Did Emperor Charles V rehearse his own funeral?

It is said that he went inside the coffin and listened to the prayers for his soul there


It is said that Emperor Charles V held his funeral during his lifetime and even lay down in a coffin to listen to the monks’ prayers for his soul. But how much of this is true?

After the death of Emperor Charles V on the night of 21 September 1558, the church of the Monastery of Yuste was completely covered with black drapery and a large catafalque with the coffin was placed in the centre of the temple.
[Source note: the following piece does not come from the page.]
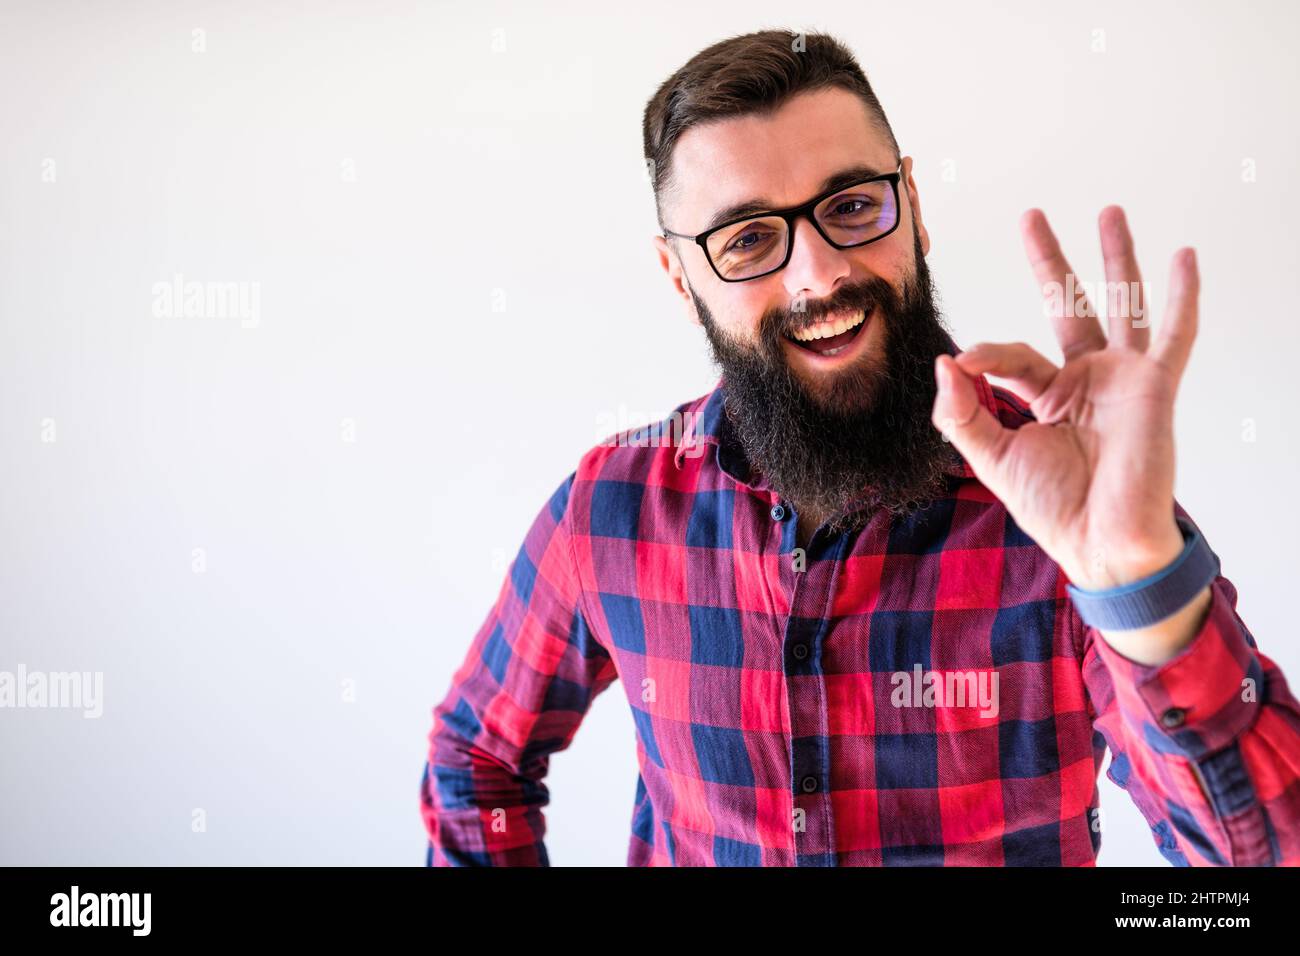 Portrait of man who is ecstatic. Copy space on image for your text or advert. Stock Photo

The funeral lasted three days and three nights of continuous masses and prayers until he was buried under the altar of the church as the emperor had arranged.

That was once he was dead.

But did he also celebrate his own funeral while he was still alive? It has come down to us that, before he died, the emperor ordered his own funeral to be rehearsed; that he went inside the coffin and listened to the prayers for his soul.

True or false?

There is a very interesting study by Francisco Javier Campos y Fernández de Sevilla -Private Funeral and State Funeral for Charles I/V at Yuste and Brussels (1558)- which addresses this question. According to him, the news of the fact of the funeral during the emperor’s lifetime comes from Hieronymite sources, whose author, Fray Hernando del Corral, was a witness to the events. The fact was later known to Fray José de Sigüenza, who reproduced it almost verbatim. Later, in the second half of the 18th century, authors such as W. Robertson expanded on the event, making it even more dramatic. His work was so successful that it was translated into several languages, which meant that many authors found in the scene an unbalanced Charles V, enclosed in a gloomy atmosphere.

Until voices such as that of Manuel González, canon of Plasencia Cathedral, denied the funeral on the basis of the silence of the civilian witnesses to the emperor’s last days. It was not in vain that they were all highly qualified figures who left a record of the emperor’s stay in Yuste in the form of numerous letters and documents.
Consequently, and as Francisco Javier Campos y Fernández de Sevilla reasons without questioning the reliability of the religious sources, it is enough to make a more relaxed reading of the Hieronymite sources, as W. Stirling did, to accept that religious services were held, but without the phantasmagorical performance of the emperor.

Monasterio de Yuste.

What the emperor celebrated was a requiem mass, for which the corresponding tumulus was placed, as in the case of masses for the dead, with all the members of the household and their servants dressed in mourning. Furthermore, Francisco Javier Campos y Fernández de Sevilla records that «he [Charles V] went out to offer his candle in the hands of the priest, as if he were placing his soul in God’s hands».

Seen through the eyes of the 16th century, when death was a reality present in everyone’s life, it is a truly moving scene, but without going as far as what has come to be told about it.